O currículo de Ramos inclui muitos filmes, como Sabor da Paixão, de 2000, estrelando Penélope Cruz, mais alguns escritos e créditos de produção. Com o enredo que faz pensar de Medida Provisória, sobre injustiça racial, altos valores de produção, um elenco estelar, o debut de Ramos como diretor marca um lançamento auspicioso de um cineasta a ser reconhecido no palco internacional nos anos a vir. Os fãs de filmes devem manter seus olhos sobre esse diretor promissor – e pôr seus olhos nesse envolvente conjunto de drama no futuro próximo. E, aliás, continuar assistindo através do fim e da sequência de créditos, também.

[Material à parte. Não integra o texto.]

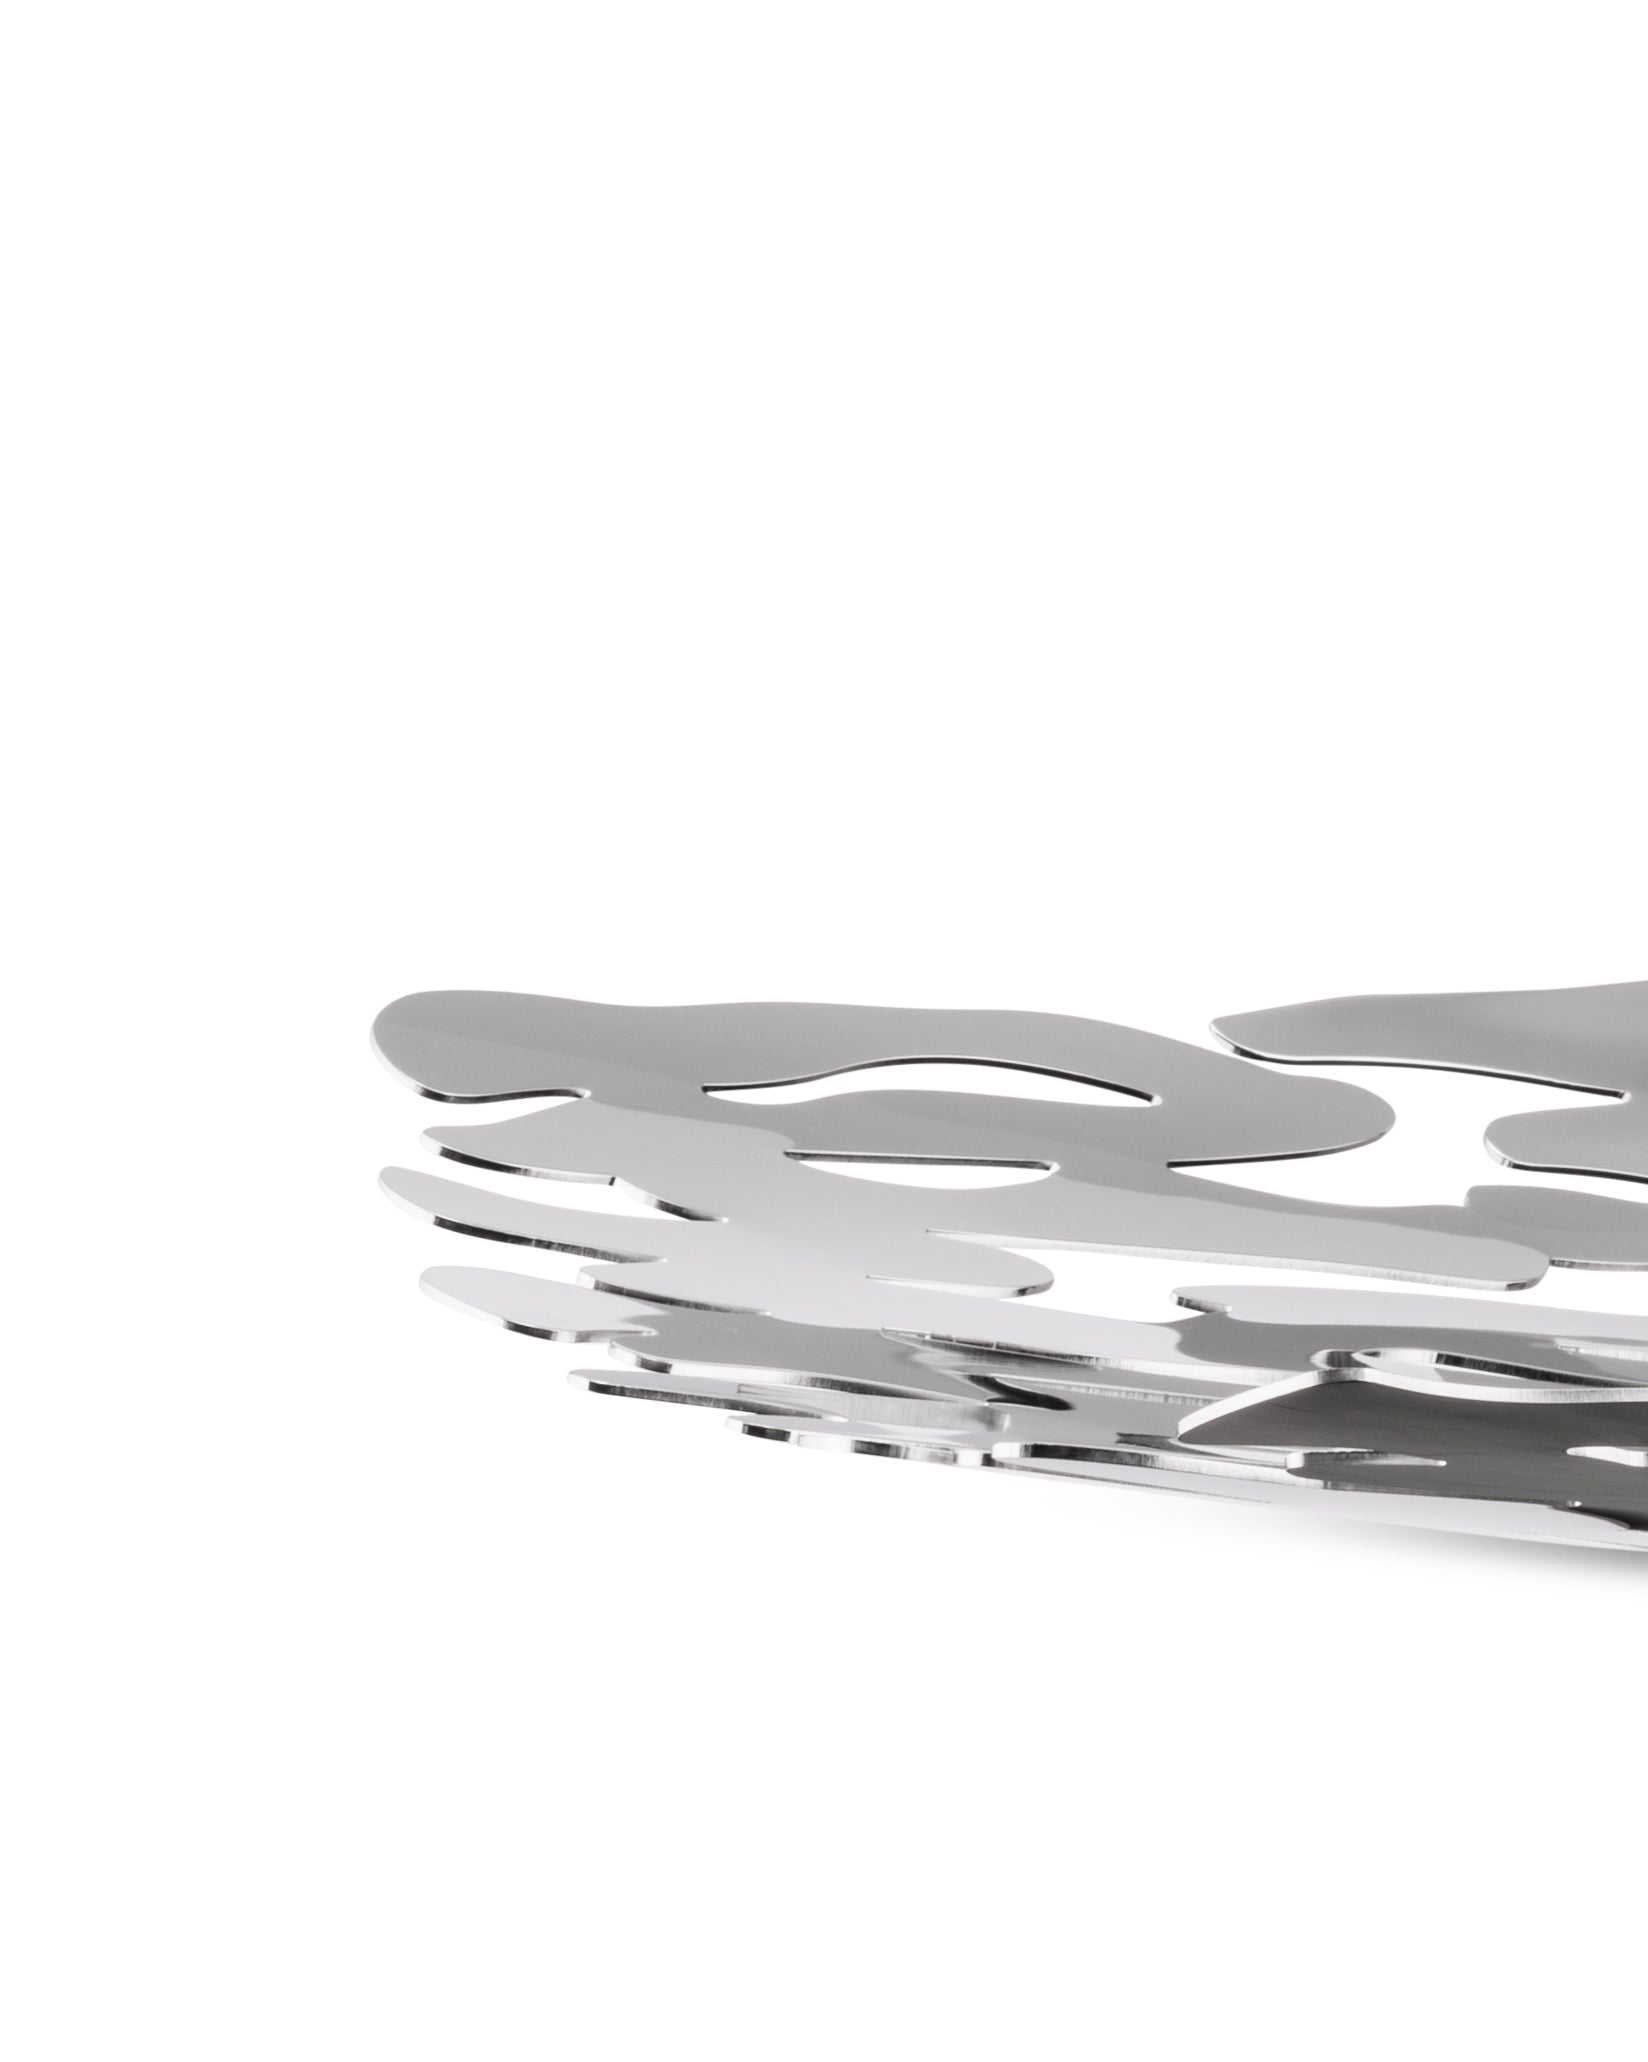 Alessi Bark Centerpiece in 18/10 Stainless Steel, Polished Finish

Medida Provisória foi indicado para melhor filme no Festival Internacional de Cinema de Moscou e ganhou um “prêmio de roteiro” no Festival de Cinema Indie de Memphis, onde também foi indicado à categoria de “Melhor Recurso Narrativo”. O filme de 103 minutos é uma adaptação da peça de teatro Namíbia, Não!, de Aldri Anunciação. Esse filme imaginativo é um filme altamente recomendado do Brasil, que personifica a elegância e o espírito cinematográfico do PAFF.

Ed Rampell é um historiador e crítico de cinema morador de LA e coorganizador da Comemoração do 70º Aniversário da Lista Negra de Hollywood.